# dreams...



## idolomantis (Aug 17, 2008)

dreams... tho most random, weird, and sometimes scary things in life.

my weirdest.

i was in a military facility and i woke up in a mini jungle with giant faces looking at me....

i was swimming in a giant crapper with an isle of elephant poo.. with fireballs, and bats!

i was mounting a assasin bug.

i was playing soccer with a troll.

now tell me ur weirdest.


----------



## MANTIS DUDE (Aug 17, 2008)

The most wierdest dream I ever had might not have even been a dream: I dreamed that I was in my bed and all of these strange noises started coming from under my bed. They werent scary sounds, it just sounded like sombody was snorking and sneezeing under my bed with a bad cold or something, lol. I jumped out of my bed and looked under it, and all I saw was blackness, but still the nostrill noises came. At this point I got freaked out so I ran downstairs, but the noises still followed me! To end the dream, i decided to climb to the top of my realy tall tree and jump off. It's always wierd, but all I do is jump of and as soon as I almost hit the ground, it just faids into blackness and I just wake up.

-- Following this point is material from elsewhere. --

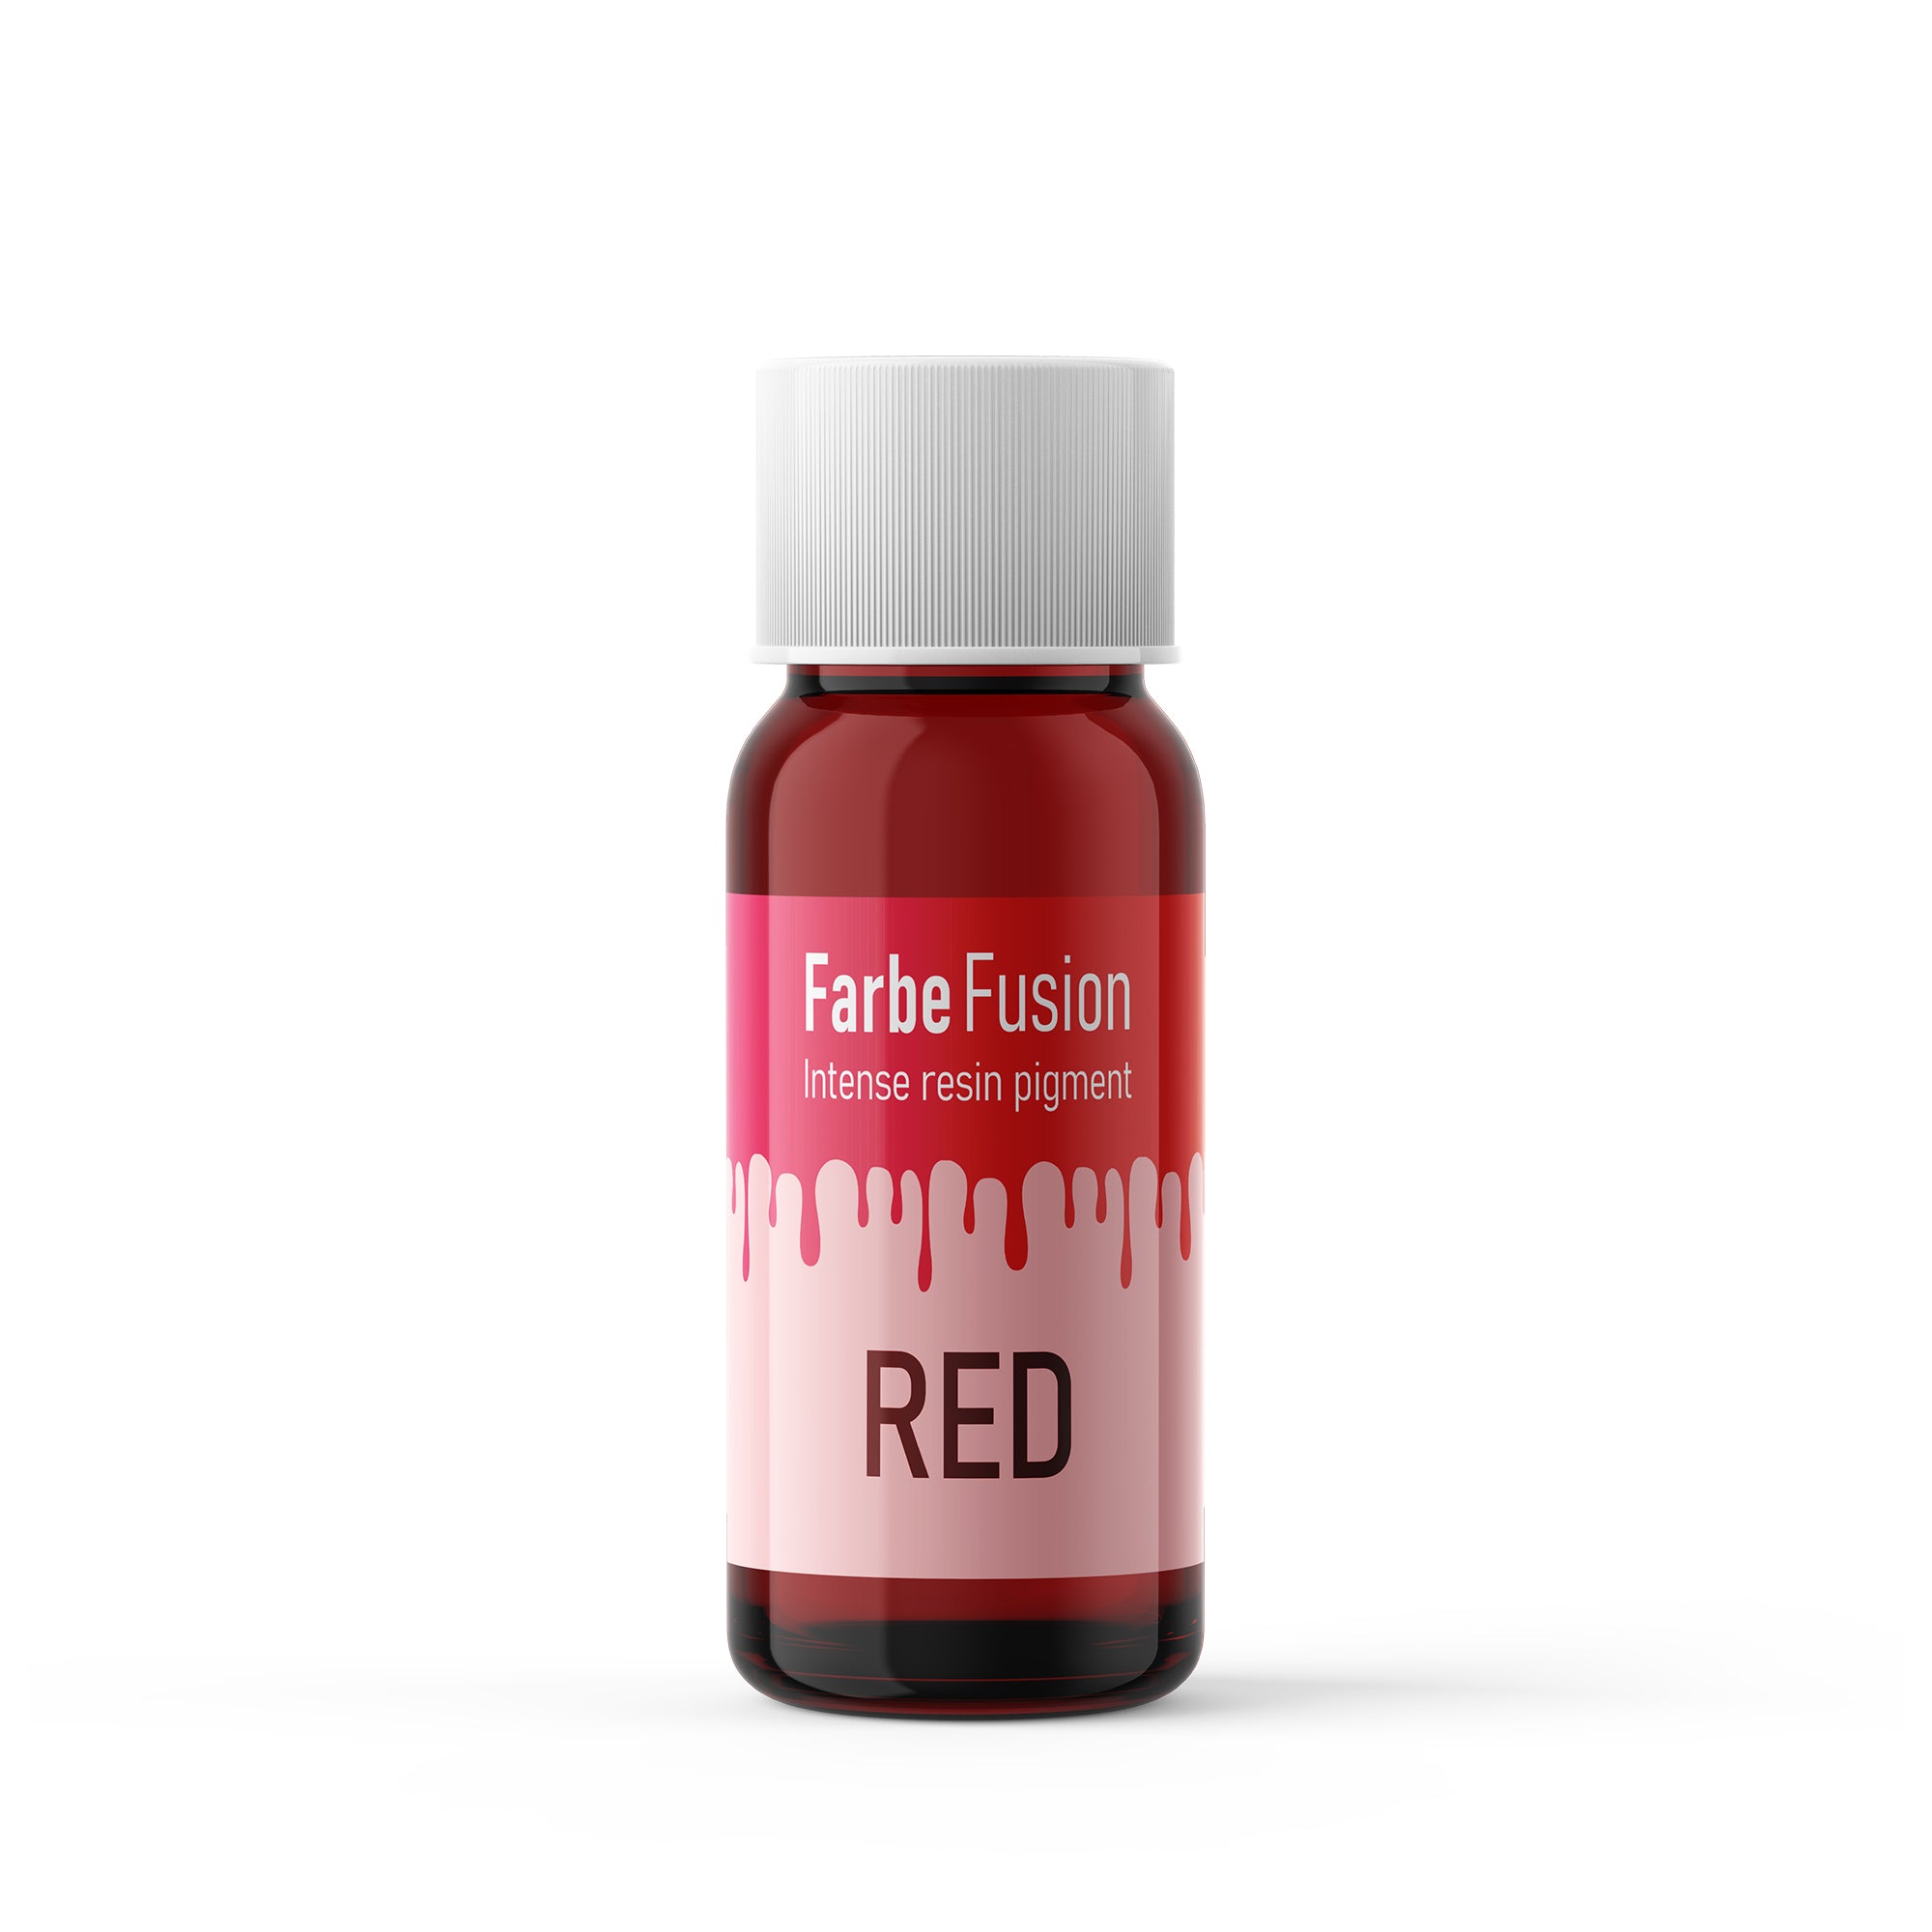 Woodberg - Farbe Fusion Red Resin Pigment | صبغة ريزن سائلة لون أحمر 35 مل

Later, I descoverd that it was my own snorking while I sleep because of alergeas!


----------



## acerbity (Aug 17, 2008)

Well my weirdest may not be appropriate for this board, or any for that matter.

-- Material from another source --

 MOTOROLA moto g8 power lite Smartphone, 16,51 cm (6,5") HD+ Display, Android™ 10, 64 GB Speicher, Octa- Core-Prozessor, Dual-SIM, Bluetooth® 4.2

I do however have very long, intricate, drawn out dreams about zombie outbreaks where I'm like a character trying to survive in some locale.

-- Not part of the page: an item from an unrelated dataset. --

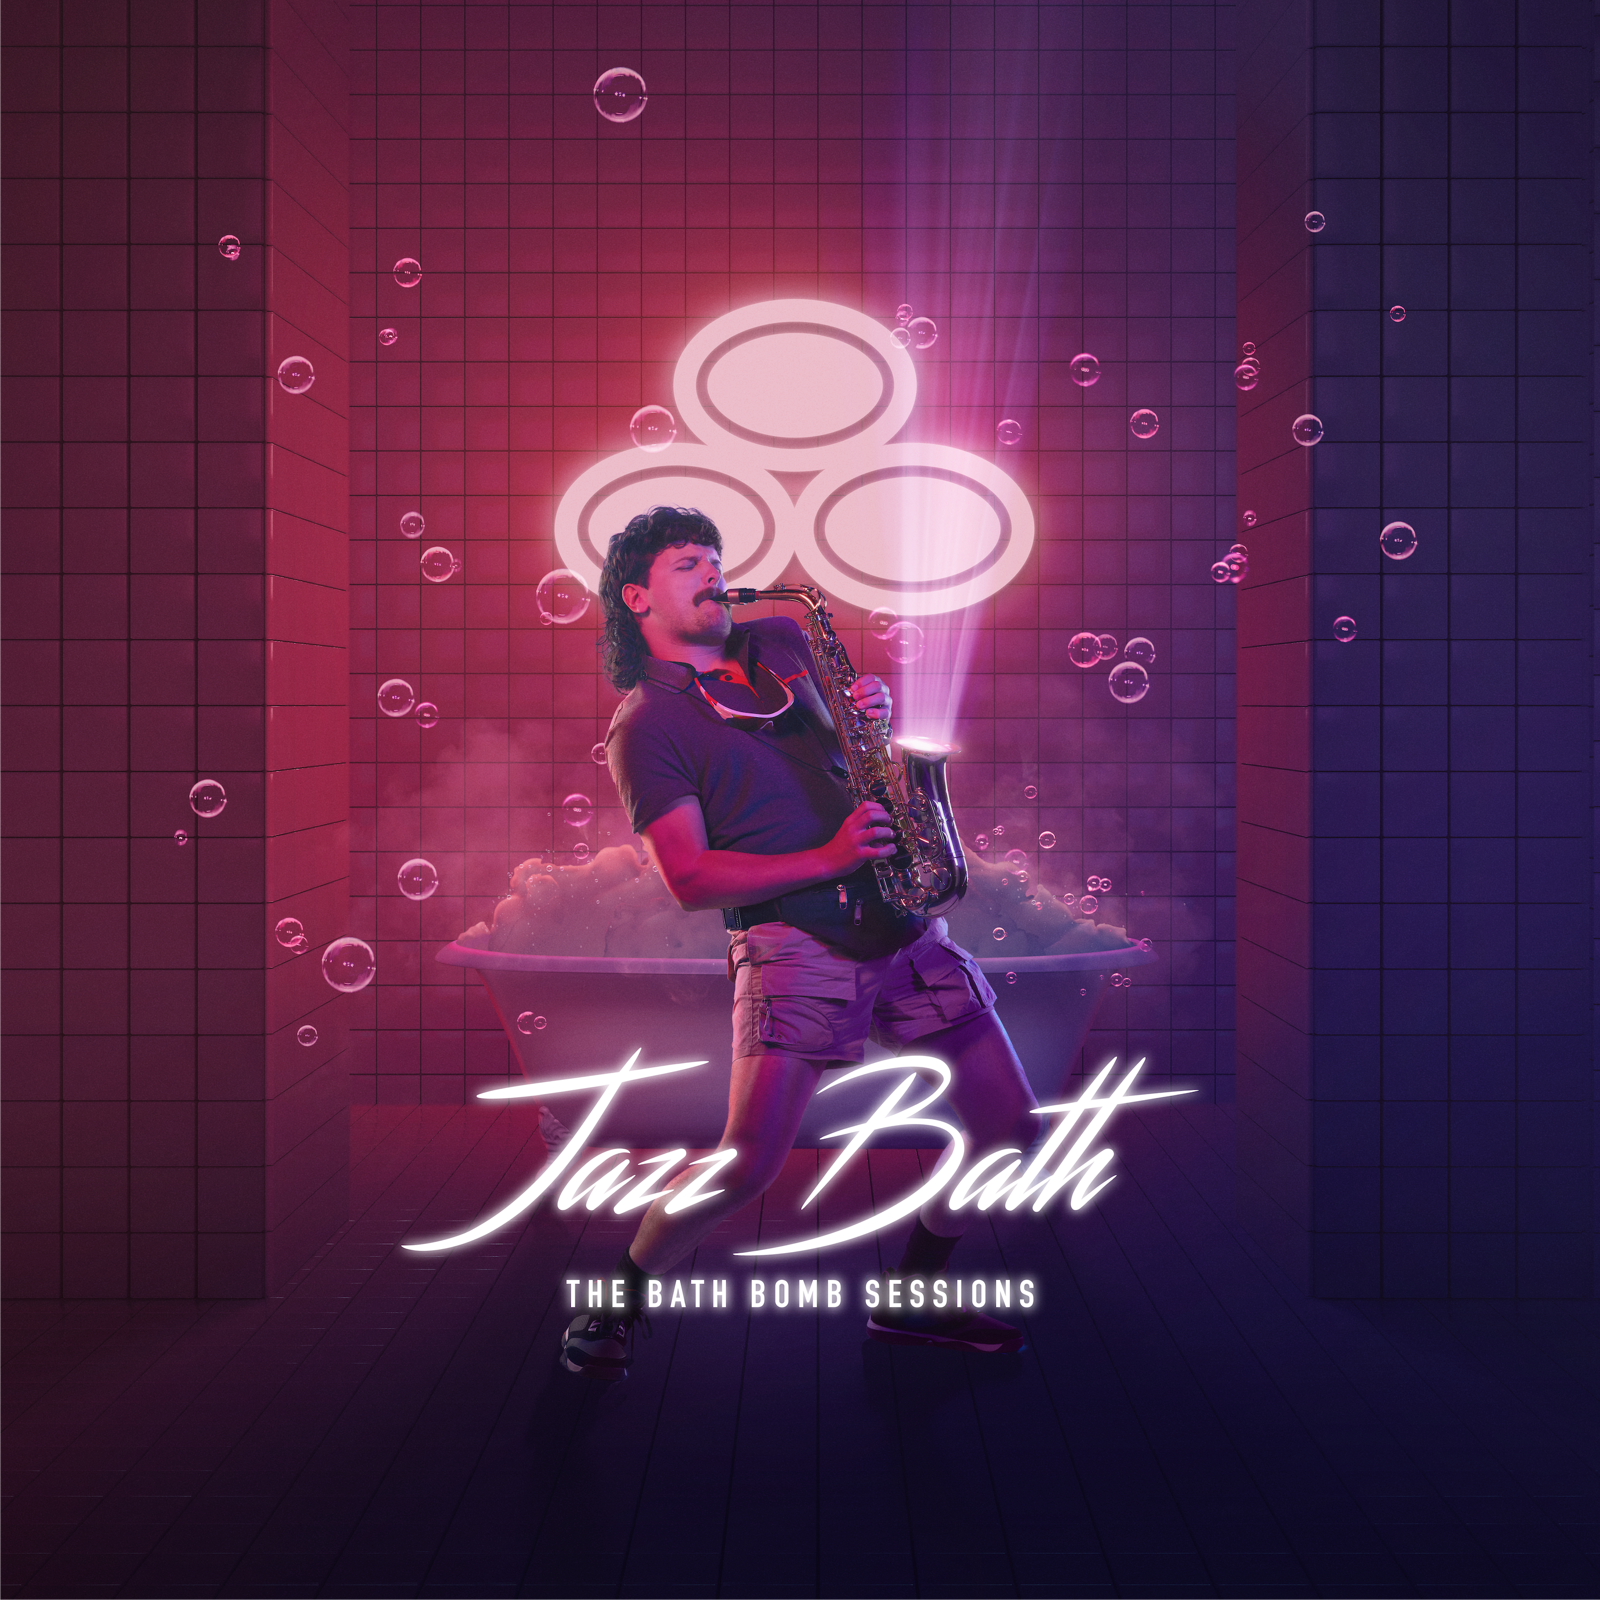 Jazz Bath EP Release with State Farm

Every time it's a different location and situation, and I wake up thinking I could make a movie out of every one of these dreams.


----------



## idolomantis (Aug 17, 2008)

i,m also not going to put real weirdest.. it may make people unconsious.

@mantis dude: inever heard any real life noises in dreams.. especialy my own ones.

maybe you are a light sleeper. you can fire a canon in my room but i wont wake up.


----------



## Rick (Aug 18, 2008)

acerbity said:


> Well my weirdest may not be appropriate for this board, or any for that matter.I do however have very long, intricate, drawn out dreams about zombie outbreaks where I'm like a character trying to survive in some locale.
> 
> Every time it's a different location and situation, and I wake up thinking I could make a movie out of every one of these dreams.


They already have. It is called I am Legend.


----------



## matt020593 (Aug 18, 2008)

Rick said:


> They already have. It is called I am Legend.


Or Shaun of the dead :lol:


----------



## harryallard (Aug 18, 2008)

my weirdest one was the other night.

i went to a cookery class, and when i got there my teacher was marilyn manson.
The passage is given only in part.